Now, for everything I’ve been saying, you would think this was bad. However, that’s the thing. Frustrating at times – yes. Unplayable – no. There is nothing game-breaking here. It’s just a case of getting used to the quirks it presents. Yes, some of them are larger ones – such as the control of characters – but with the lives system gone, it’s just a case of try, try again. There is fun to be had here, and if you care to do so, there’s enough extras to keep anyone happy. Collecting red rings within stages unlock extra levels. There’s five in each, and sometimes can be within easy reach, other times presenting a bit more of a challenge. Arbitrary replayability is forced in the avatar stages, where swapping Wispon to reach some of the red rings is required. Completing daily missions give perks, which make earning those S-Ranks easier [and you’ll be needing it on some stages]. The regular missions unlock more equipment for avatar, and these come in all varieties. Completing stages, earning an S-Rank in stages, using moves of characters, completing stages under a certain time… There’s a lot of them. Some missions will also give Wispons with added perks, such as score bonuses with each 100 rings collected, or increasing speed when grinding. There are also SOS Missions that present themselves in regular stages, which challenge you to one of three objectives. Two of them are based on avatar – using a random avatar, or a rental avatar. The other is with Sonic or Classic, and requires finding a pod within the level to free animals before completing the level. The avatar ones are easy enough, just requiring learning a different set-up. Finding the animal pod is harder in some cases, as multiple paths mean it can be missed if you don’t explore enough.
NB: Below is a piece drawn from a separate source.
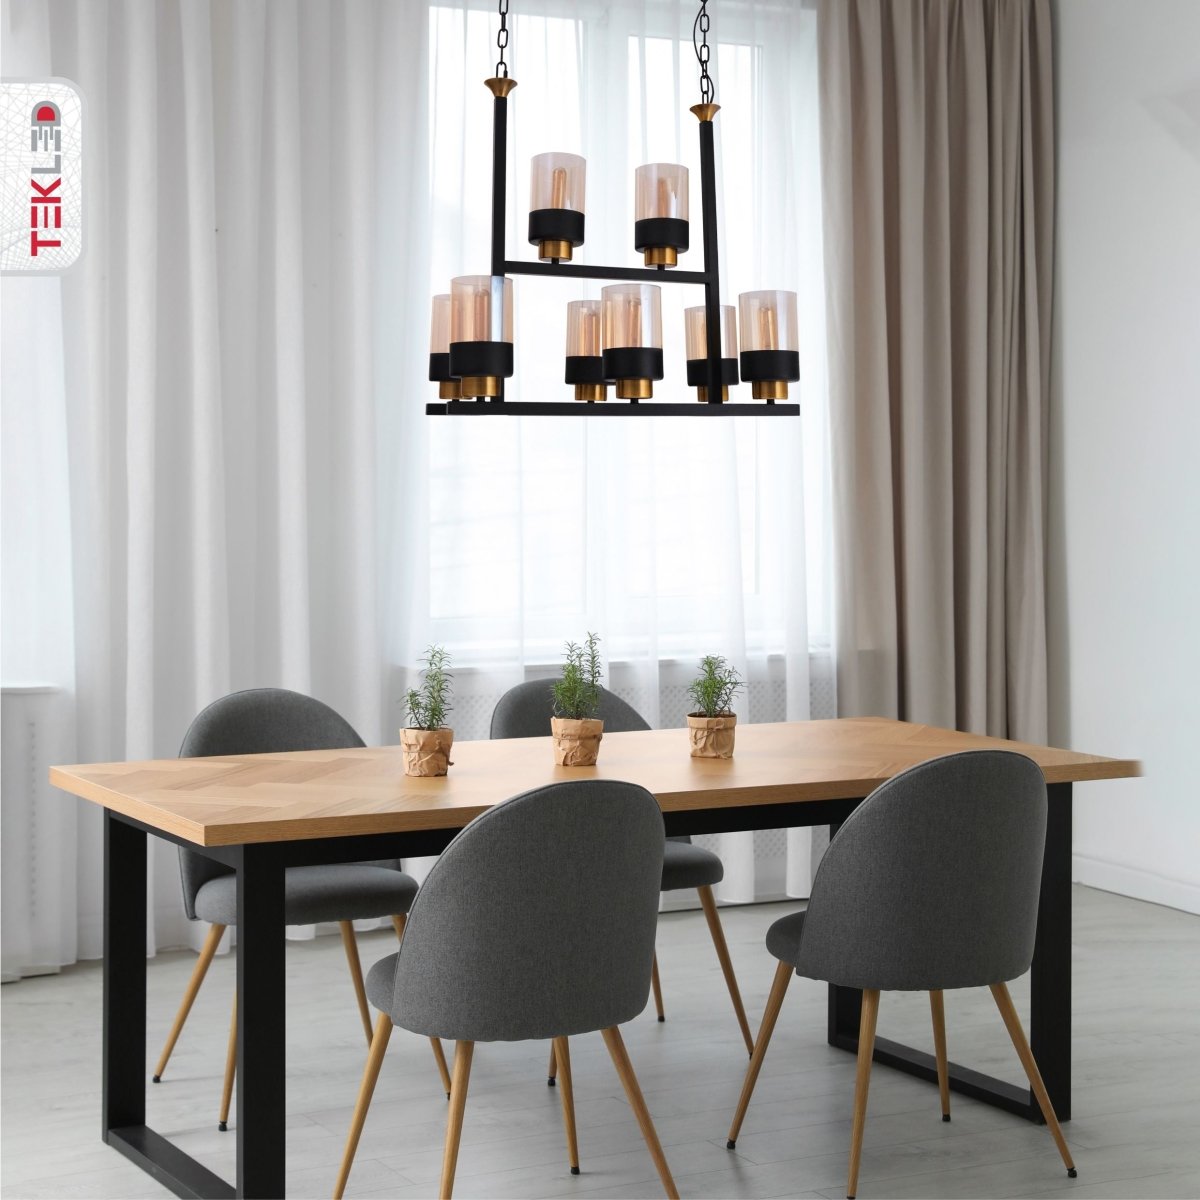 More interior usage of Amber Cylinder Glass Black Metal Chandelier with 8xE27 Fitting | TEKLED 158-19586

So… Recommendation time. It’s difficult to really say. If you are a Sonic die-hard or want some platforming speed, other boost games can provide much better. However, if you are on consoles, this is the only boost game available on the current systems – at least until Unleashed and Generations get put on the Xbox One’s Backward Compatibility program or HD remasters of the two are released. The avatar creation system is fun to play around with, and testing out all of that on the stages can provide some entertainment. There’s wish fulfilment in that, for those who want it. If you know, like me, that you will replay stages just because of the fun in doing so, then by all means buy away. However, as a general buying guide, wait until it becomes cheaper. There’s not much here that hasn’t been done before in the series. While shorter, Generations is still the go-to game for boost gameplay, or Unleashed for some true spectacle.